Table 2: Real Spherical Harmonics (Commonly Used in Chemistry)#

Orbital Type	Real Combination	Mathematical Expression
p$_x$	$\dfrac{1}{\sqrt{2}}(Y_1^1 + Y_1^{-1})$	$\left( \dfrac{3}{4\pi} \right)^{1/2} \sin\theta \cos\phi$
p$_y$	$\dfrac{1}{i\sqrt{2}}(Y_1^1 - Y_1^{-1})$	$\left( \dfrac{3}{4\pi} \right)^{1/2} \sin\theta \sin\phi$
p$_z$	$Y_1^0$	$\left( \dfrac{3}{4\pi} \right)^{1/2} \cos\theta$
d$_{xy}$	$\dfrac{1}{i\sqrt{2}}(Y_2^2 - Y_2^{-2})$	$\left( \dfrac{15}{16\pi} \right)^{1/2} \sin^2\theta \sin 2\phi$
d$_{xz}$	$\dfrac{1}{\sqrt{2}}(Y_2^1 + Y_2^{-1})$	$\left( \dfrac{15}{4\pi} \right)^{1/2} \sin\theta \cos\theta \cos\phi$
d$_{yz}$	$\dfrac{1}{i\sqrt{2}}(Y_2^1 - Y_2^{-1})$	$\left( \dfrac{15}{4\pi} \right)^{1/2} \sin\theta \cos\theta \sin\phi$
d$_{x^2-y^2}$	$\dfrac{1}{\sqrt{2}}(Y_2^2 + Y_2^{-2})$	$\left( \dfrac{15}{16\pi} \right)^{1/2} \sin^2\theta \cos 2\phi$
d$_{z^2}$	$Y_2^0$	$\left( \dfrac{5}{16\pi} \right)^{1/2} (3\cos^2\theta - 1)$

Quantum Numbers: The Fundamental Parameters#

Mathematical Definition and Physical Significance#

Quantum numbers arise naturally as eigenvalues from solving the Schrödinger equation for atomic systems. They represent the discrete, quantized states available to electrons in atoms.

Angular Momentum Quantum Number (l)#

Mathematical Origin: Eigenvalue of the angular momentum squared operator: $$\hat{L}^2 Y_l^m = \hbar^2 l(l+1) Y_l^m$$

Physical Significance:

Quantizes the orbital angular momentum magnitude: $|\vec{L}| = \hbar\sqrt{l(l+1)}$
Determines the orbital shape and symmetry
Number of angular nodes = $l$
Defines the orbital subshell type

Allowed Values: $l = 0, 1, 2, \ldots, n-1$ (constrained by $n$)

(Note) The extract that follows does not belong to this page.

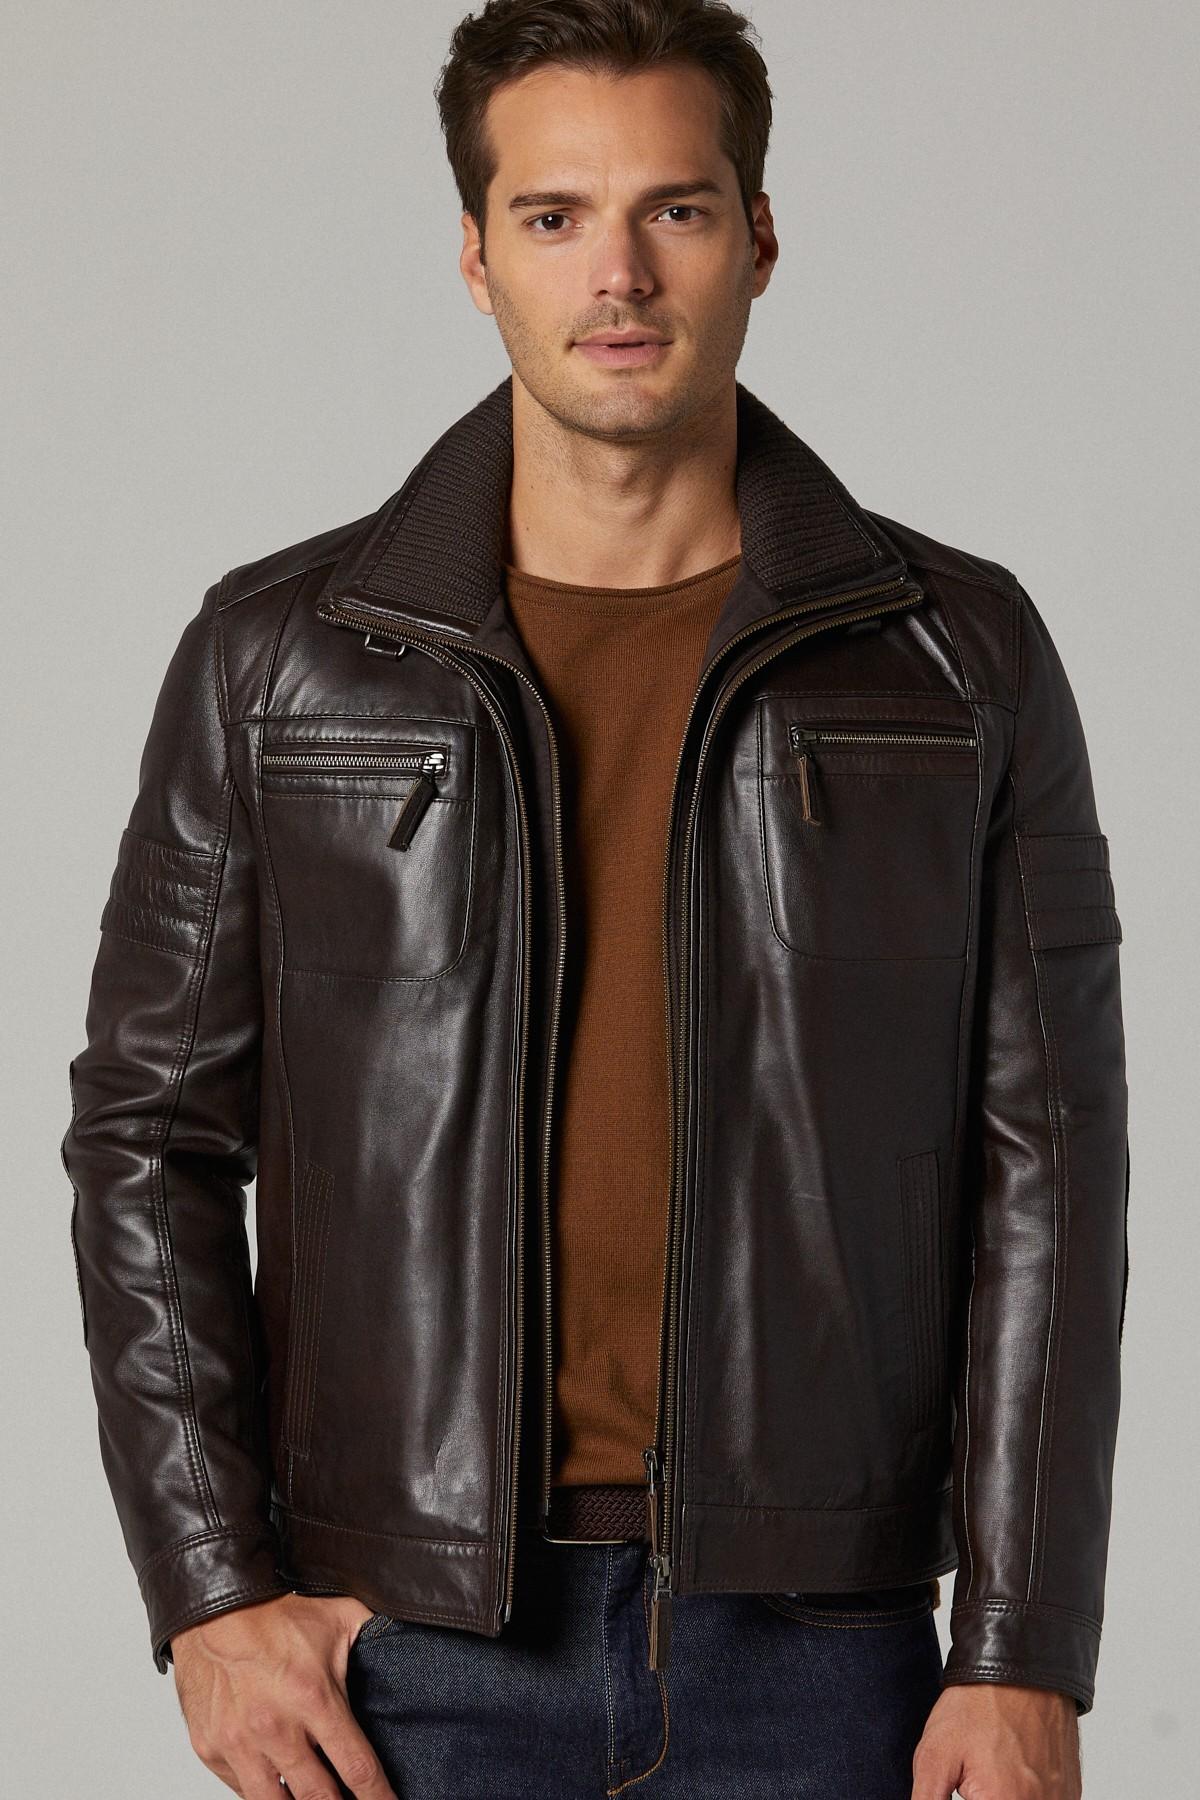 Nordstrom Rack Leather Jacket'

Magnetic Quantum Number (m)#

Mathematical Origin: Eigenvalue of the z-component angular momentum operator:

\[\hat{L}_z Y_l^m = \hbar m Y_l^m\]

Physical Significance:

Quantizes the z-component of orbital angular momentum: $L_z = \hbar m$
Determines spatial orientation of the orbital
Related to the orbital’s projection along the quantization axis
In magnetic fields, different m values have different energies

Allowed Values: $m = -l, -l+1, \ldots, 0, \ldots, l-1, l$ ($2l + 1$ values for each $l$)

Key Properties Summary#

Quantum Number	Physical Meaning	Allowed Values	Degeneracy
l	Angular momentum	0, 1, 2, 3, …	Determines shape
m	z-component of angular momentum	$-l, -l+1, \ldots, 0, \ldots, l-1, l$	Determines orientation
Nodes	Surfaces where $\psi = 0$	Exactly $l$ angular nodes	Determines complexity

Degeneracy for each l: $2l + 1$ different m values
Total angular momentum: $|\vec{L}| = \hbar\sqrt{l(l+1)}$
z-component: $L_z = \hbar m$

Visualizing Spherical Harmonics#

Use the drop-down menu below to visualize the effect of $l$ and $m$ on the Spherical Harmonic function.

import numpy as np
import matplotlib.pyplot as plt
from mpl_toolkits.mplot3d import Axes3D
from scipy.special import sph_harm_y
import ipywidgets as widgets
from IPython.display import display
from ipywidgets import interactive_output

theta = np.linspace(0, np.pi, 100)
phi = np.linspace(0, 2*np.pi, 100)
theta, phi = np.meshgrid(theta, phi)

xyz = np.array([np.sin(theta) * np.sin(phi),
                np.sin(theta) * np.cos(phi),
                np.cos(theta)])

def plot_Y(ax, l, m): # Defines the equation using scipy.special package
    Y = sph_harm_y(l, abs(m), theta, phi)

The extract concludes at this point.